Featured academics: Dr. Amin Hajitou
5 minutes with...
1. Tell us about your research in a nutshell.
If we start from the beginning, I have always been interested in finding new treatments for cancers. However, from a scientific point of view existing therapies are inefficient, with only a small amount ending up in tumours. Most of the treatment ends up all over the rest of the body, which is obviously detrimental to the health of existing tissues.
We needed to find a way to deliver technologies that don’t live in these healthy tissues to spare them and so my career has focussed on using particles to better target tumours and, eventually, I started working with bacteriophage, a type of bacterial virus. These bacteria viruses are really incredible because they only detect, infect and kill bacteria. They are safe because they don’t infect healthy human tissues and we can engineer them to make them selective. To make them selective, we used receptors specifically expressed in cancers - but not in the healthy tissues - and guided the bacteriophage towards those receptors.
Our technologies were adopted by the National Cancer Institute (NCI) in the USA, and they used our bacteriophage viruses to deliver cytokine genes to treat spontaneous cancers in dogs – people’s beloved pets. In one dog there was a tumour of 14cm, which disappeared completely during the treatment! So, it was quite good.

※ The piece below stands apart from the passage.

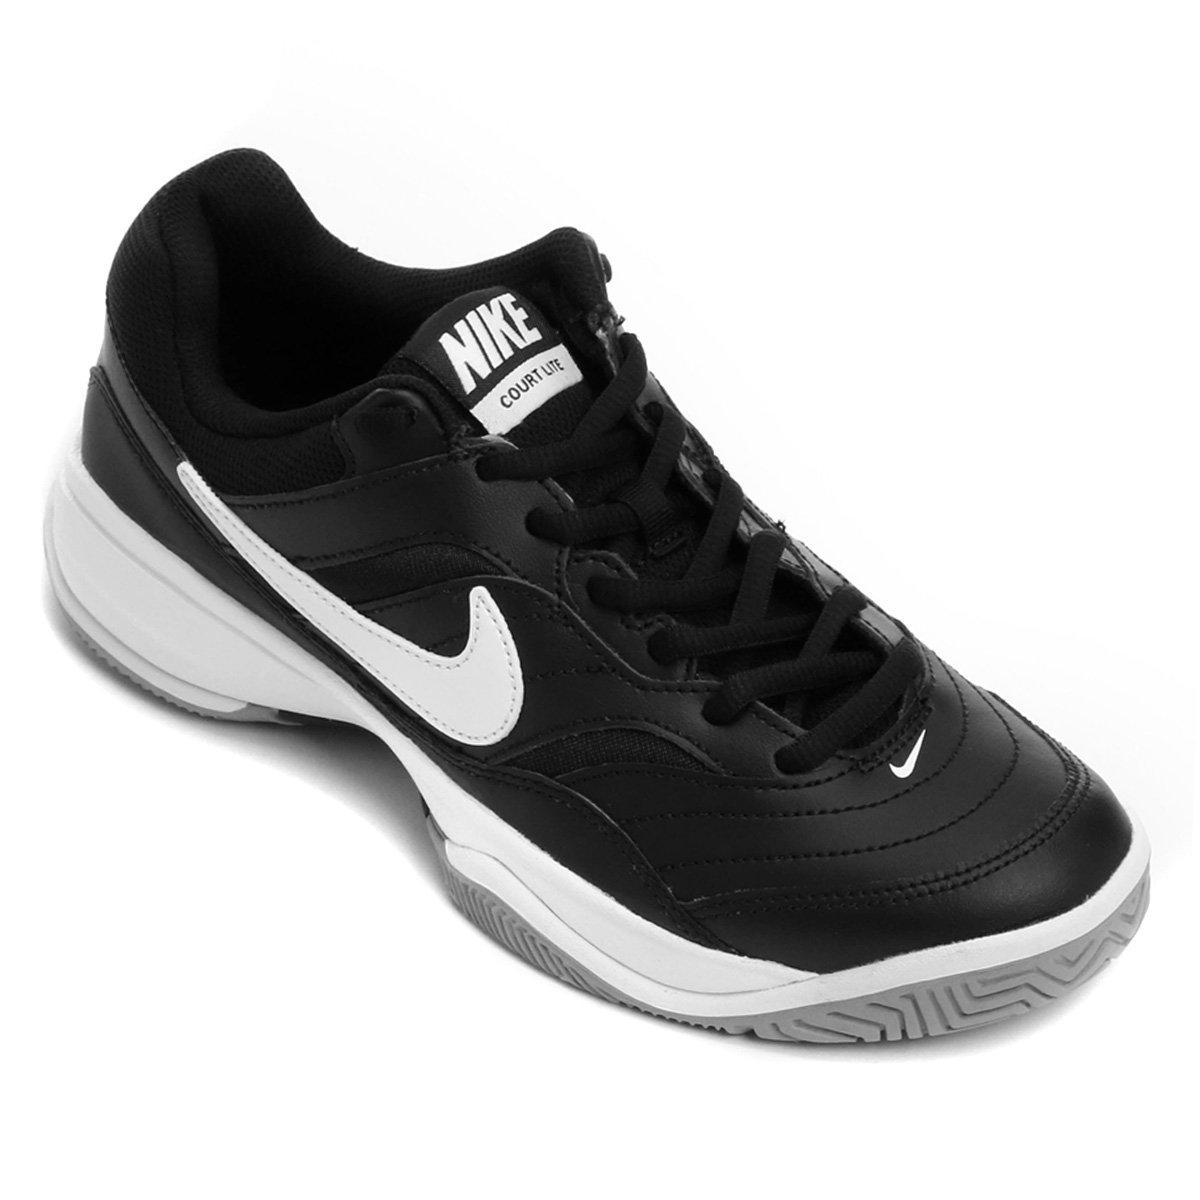 207945fa18ee6 Tênis Nike Court Lite Masculino

In the last three years, we began to have interest from pharma companies for the application of our viruses. We also started a collaboration with the gene therapy community because, despite extensive research there doesn’t exist highly effective targeted gene therapies in this area. There is a particular problem in delivering traditional gene therapy through the systemic circulation, while our bacteriophages can be successfully delivered through the systemic circulation to target the tumours. In addition, the use of our bacteria viruses brings down the cost of therapies significantly.
2. Why does your research matter?
The treatment of tumours is extremely important, with a significant amount of society’s resources already being dedicated to finding solutions. My group’s research contributes 5 key potential advances:
- The technology is highly targeted to cancer, therefore significantly more efficient
- The use of bacteria viruses can bring down the cost of therapies significantly. This is especially obvious in comparison to traditional gene therapy, which can become very expensive once you move outside the lab, and potentially most important for treatments with potential commercial applications.
- We showed that repeated treatments with our viruses can stay active past 8 weeks. It’s currently often difficult to repeat treatment with existing viral therapies.
- We can produce viruses at very high titers. This means scaling up production is possible with our viruses – which we proved in the NCI dog trials.
- Using our viruses intravenously has the advantage of targeting both primary tumours and metastases.
We are currently aiming to enter clinical trials and achieve positive results before 2020 with products being adopted into mainstream healthcare after that.
3. Who/what sectors would be interested in hearing more about your research?
- Immuno-oncology R&D teams;
- Gene therapy, in general.
- Brain tumour researchers specifically;
The viruses we use have a natural ability to cross the blood brain barrier, which is necessary for targeted delivery of therapies in the brain. Currently glioblastomas, the most aggressive tumours of the central nervous system, and the least responsive to intervention, lead to death in a disproportionate number of patients under 40 years old. Also, there is no treatment in children with some types of brain tumours (namely diffuse intrinsic pontine gliomas or DIPG). My research group has been funded by Children with Cancer UK, Brain Tumour Research Campaign and the Medical Research Council to progress our technologies in this field, something that’s urgently needed.